Brazil to discuss legal framework on Islamic finance

Senator Jean Paul Prates requested a public hearing at Senate to address the creation of regulatory framework. One of the purposes is to get Islamic funds invested in Brazil. The announcement was made during a Brazilian Halal Academy roadshow.

Isaura Daniel
isaura.daniel@anba.com.br

São Paulo – Discussions will begin in Brazil’s legislative branch on a legal framework for Islamic finance. The news was disclosed this Thursday (15) by senator Jean Paul Prates during an online Halal Roadshow (pictured above) hosted by the Brazilian Halal Academy. Prates said he requisitioned on Wednesday (14) a public hearing on the topic at the Senate’s Commission on Economic Affairs.

There are banks in Brazil that operate in Islamic finance. However, the lack of regulation and of an understanding of said operations from financial authorities is an issue. During the Halal Academy event “Islamic Finance – Business Opportunities,” several speakers said regulation could be an important tool in attracting Islamic investors.

Angela Martins: Islamic finance specialist

First Abu Dhabi Bank chief representative and Latin America manager Angela Martins explained the major differences between Islamic and conventional finance. “Islamic financial operations cannot involve uncertainty or unnecessary risk. Therefore, speculation is completely out of the picture. Islamic financial operations must observe clarity, transparency and simplicity,” she said.

Interest is prohibited, but profit is allowed – it must, however, be shared, as does risk. “The bank cannot simply be an entity that uses cash to derive advantages.”  Martins also said operations and profit must add value to society and create opportunities.

In export financing, for instance, the bank becomes directly involved with the goods at hand and assumes the risk alongside the other parties. “The bank’s role is to make the purchase upfront from one party and then sell in instalments to the other party,” Martins explains. In Brazil, however, such transaction would imply tax payments on both the purchase and the sale. “This alone would kill the operation.”

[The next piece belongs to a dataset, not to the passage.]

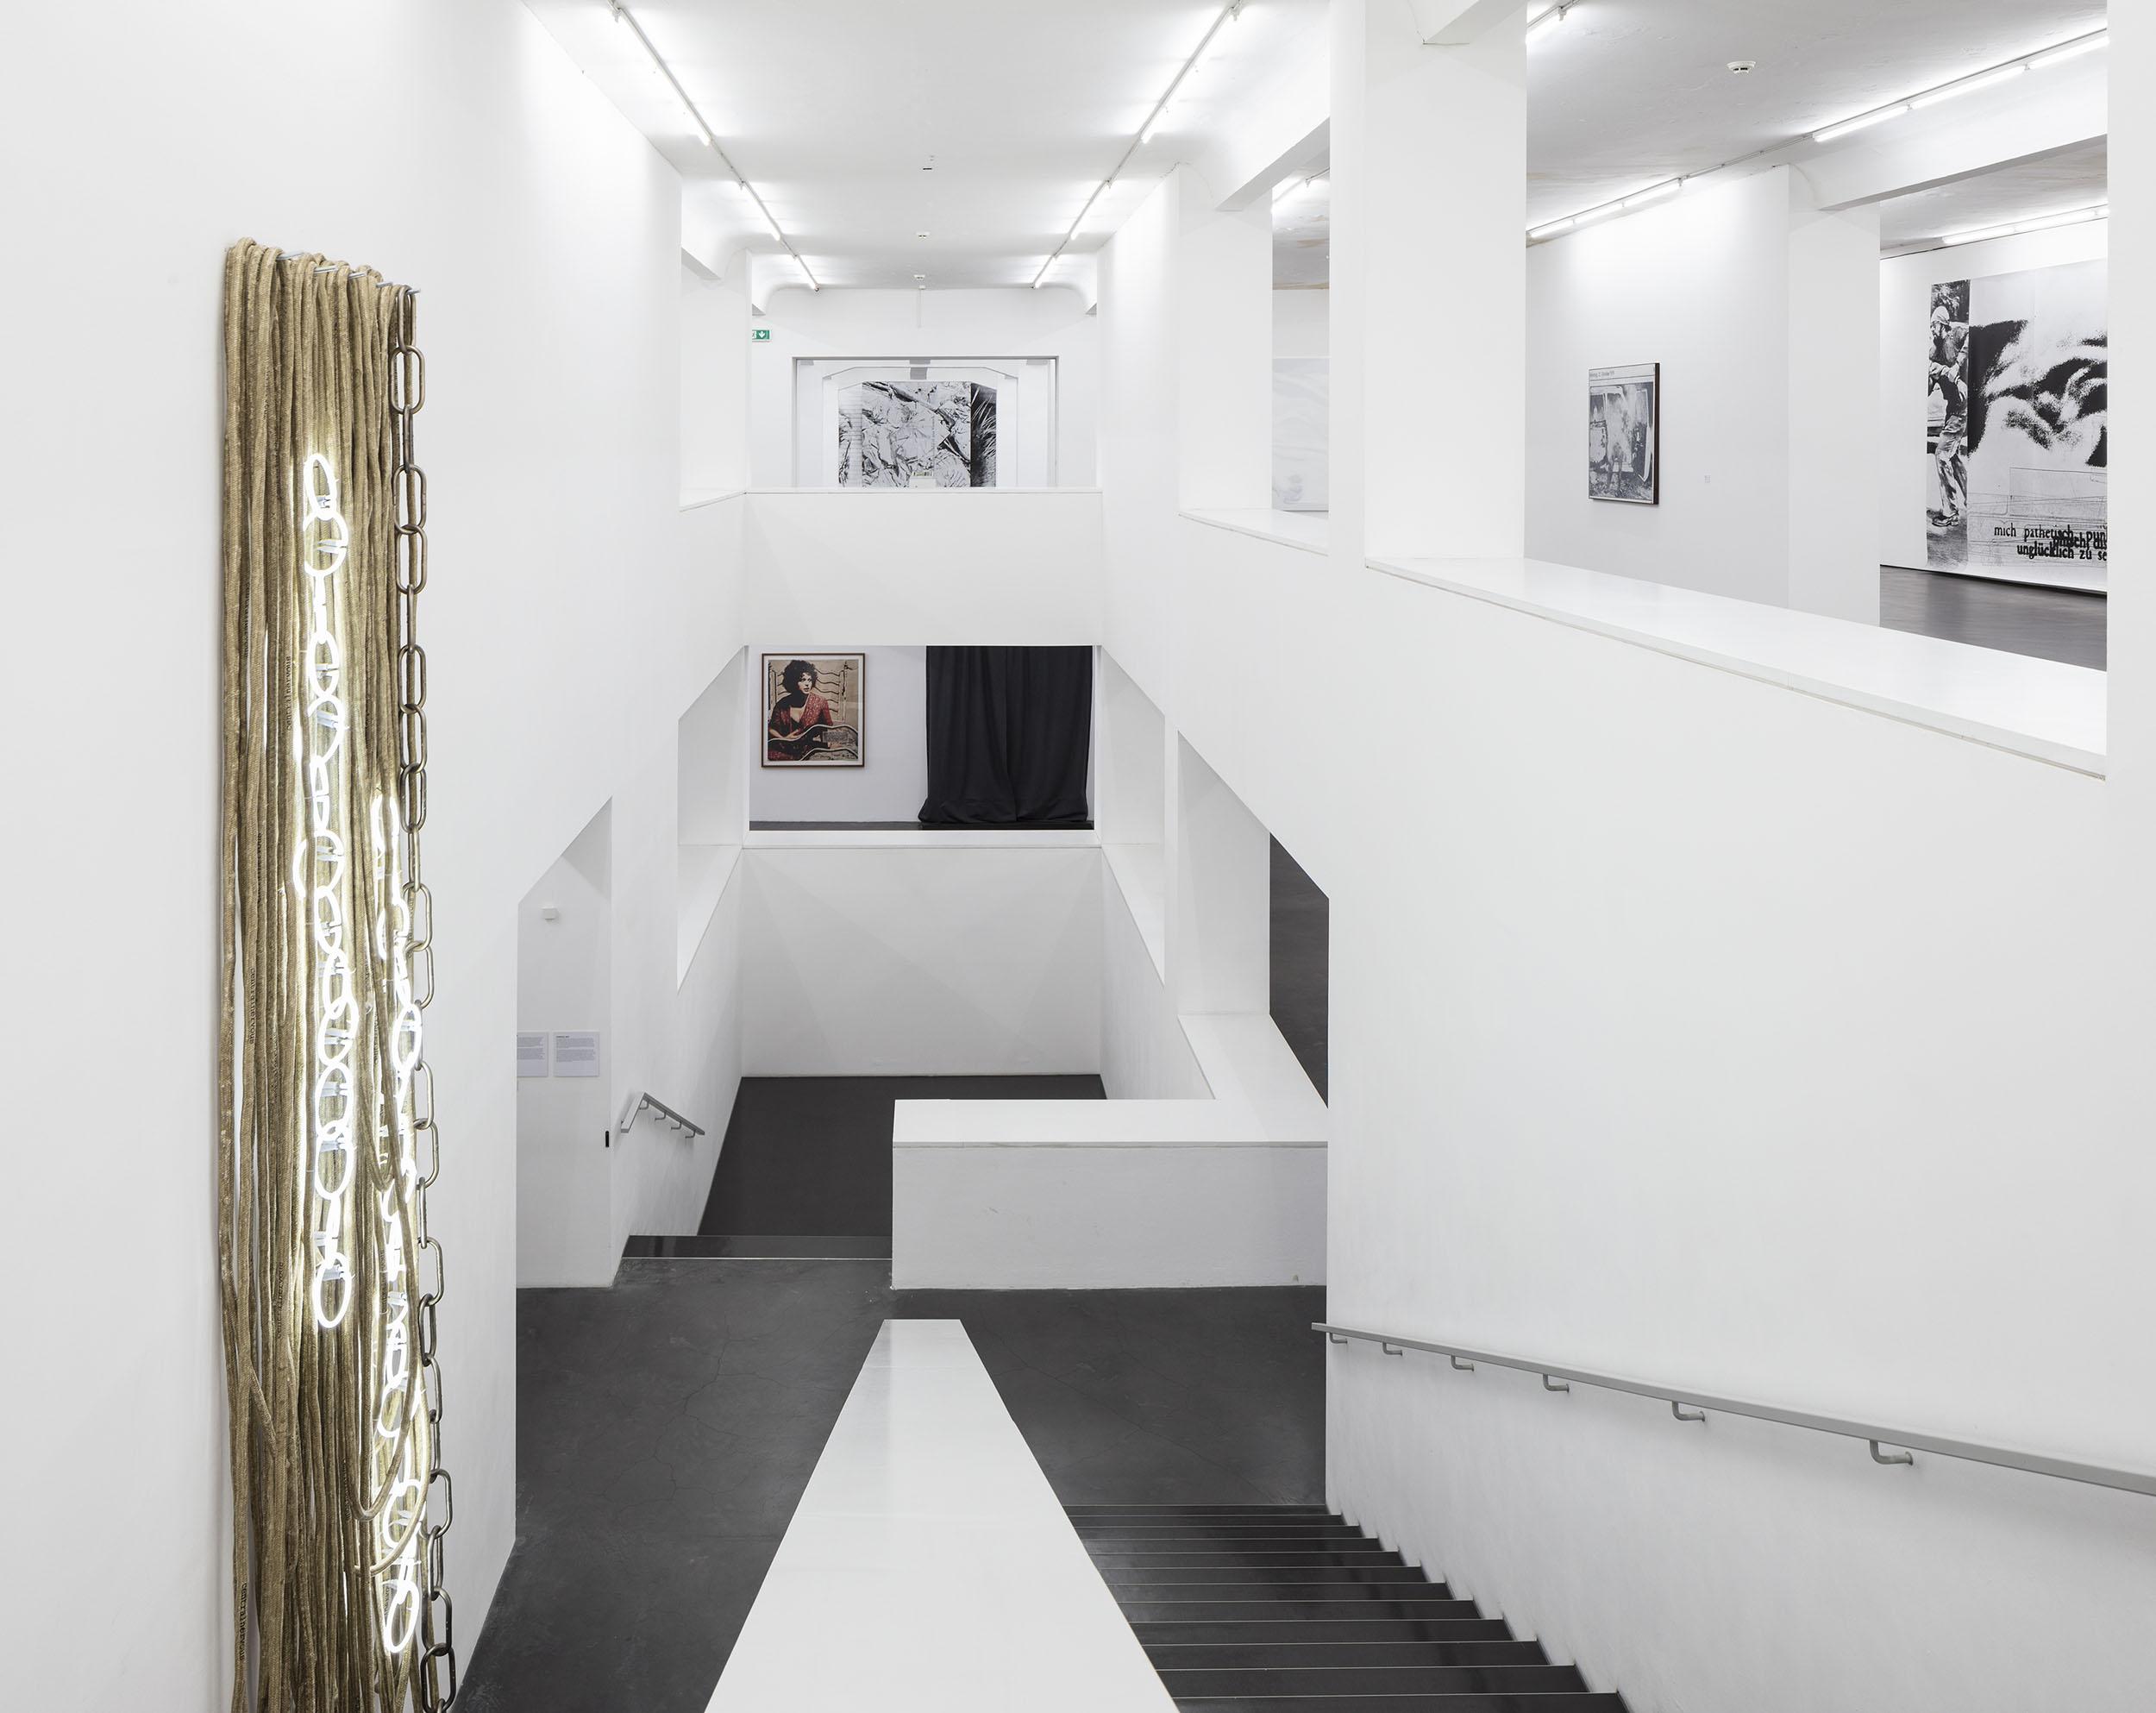 Astrid Klein. TRANSCENDENTAL HOMELESS CENTRALNERVOUS, Deichtorhallen, HH, Sammlung, Falckenberg, 2018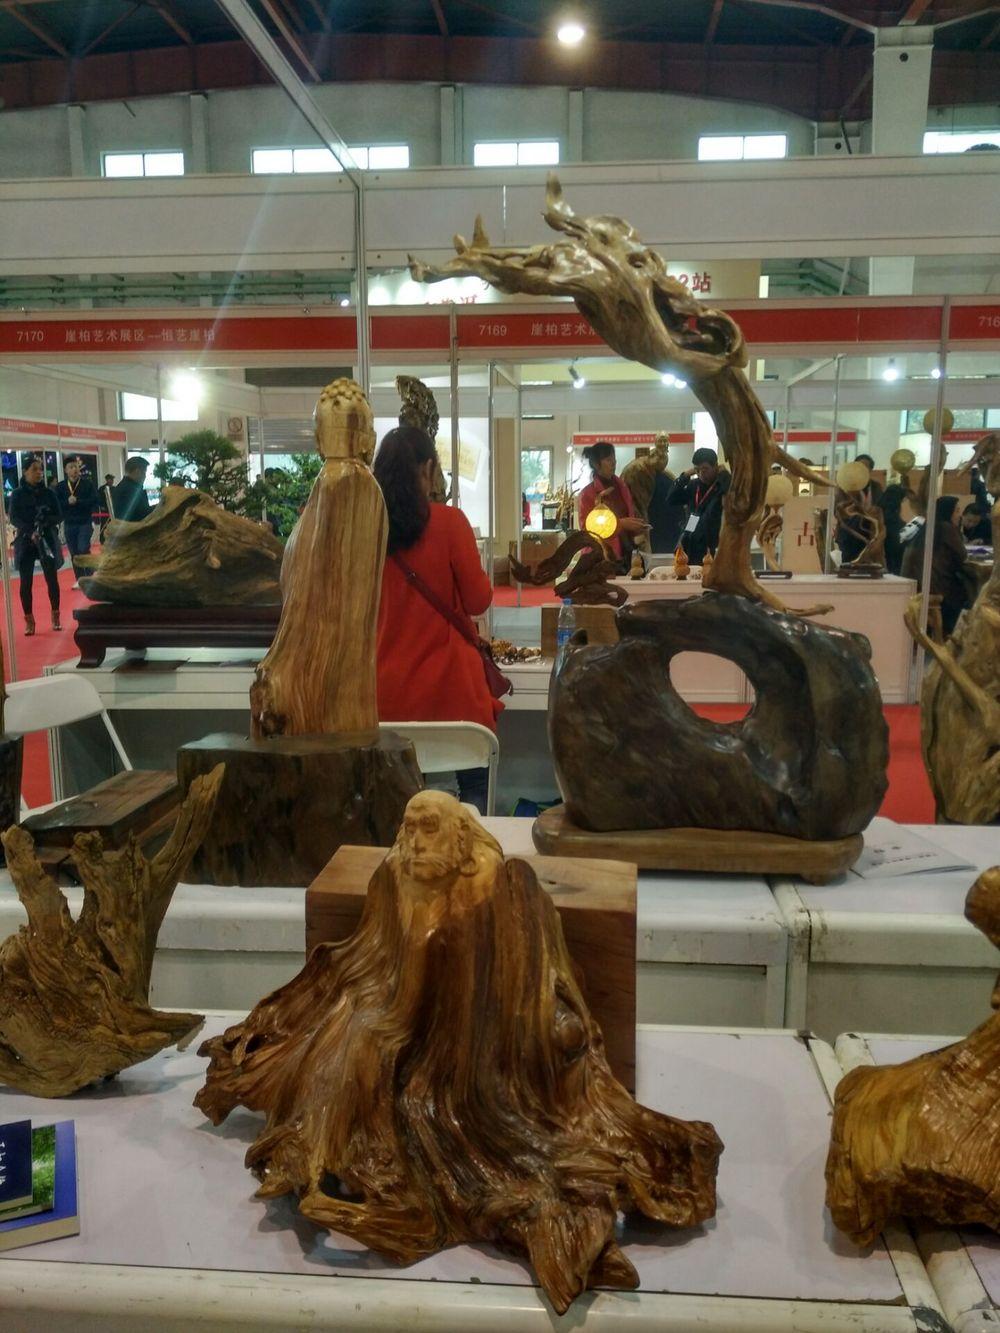 2018北京茶文化展时间丶地点丶看点及安排:

Martins believes Brazilian financial authorities must understand Islamic finance so operations can be streamlined. Islamic banks manage USD 3 trillion between them, and according to her, that is reason enough to tap into this market. “It would make no sense for us to just be a secular, Christian majority country without any involvement with Islamic countries, which is not the case, since we are the biggest halal protein producing country in the world.” Islamic investment could target the halal industry.

Discussing a framework

Angela Martins, one of the foremost Islamic finance specialists in Brazil, worked for another Arab bank prior to joining First Abu Dhabi Bank. She has been called on to join the public hearing, alongside Central Bank, Securities and Exchange commission and Federal Revenue Service officials. “What we want is to promote a discussion of the regulatory framework, Prates said during the roadshow.

The online roadshow discussed aspects of halal

The senator believes the work will entail changing technical definitions, incorporating a new lexicon into Brazilian law, outlining the jobs of regulatory bodies, creating new instruments and procedures and looking into public contracts, among other things. Prates said there have been talks with the president of the Federation of Muslim Associations in Brazil (Fambras), Mohamed Zoghbi, towards creating create a parliamentary group and different organizations to figure out what needs changing in Brazilian law.

“Let’s start the debate, let’s kick off these discussions,” said Prates. Federal congressman Arnaldo Jardim, who chairs the Brazil-Arab Parliamentary Front consulting board, made himself available to advance the matter at the Chamber of Deputies alongside fellow congresswoman Ângela Amin, who’s the group’s first vice president and also joined the virtual roadshow.

Investment during the crisis

During the event, the undersecretary for Programs with Brazil’s Northeast Consortium, Sérgio Caetano Leite, recounted a successful experience that saw small and medium business owners in the state of Rio Grande do Norte get resources from a fund including Islamic investors, via overseas issuance of sukuk – a type of Islamic bond. Leite said the experience was presented to governors of Northeast states to show that Islamic finance can enable investment into the states and their industries.

Zoghbi: sales of halal goods are going up

Zoghbi discussed Prates’ disclosure that a group will be put in place to cooperate with the Parliamentary Front towards a legal framework. “Let us pave this road, to the benefit of Brazil,” he said. According to him, there are 1.9 billion Muslims in the world today, and there should be 2.6 million in 2060. Trade in halal goods grossed USD 4 trillion in 2019 and is expected to reach USD 6 trillion in 2024.

Several people involved with halal were featured in the roadshow, among them Arab Brazilian Chamber of Commerce (ABCC) secretary-general Tamer Mansour. Brazilian Animal Protein Association (ABPA) chairman Ricardo Santin discussed what halal represents to Brazil. “The only reason we got this far is because we took Islamic religion and halal certification very seriously from the get-go,” he said. Brazil is the biggest halal protein exporting country in the world. The roadshow was hosted by Halal Academy secretary-general Delduque Martins.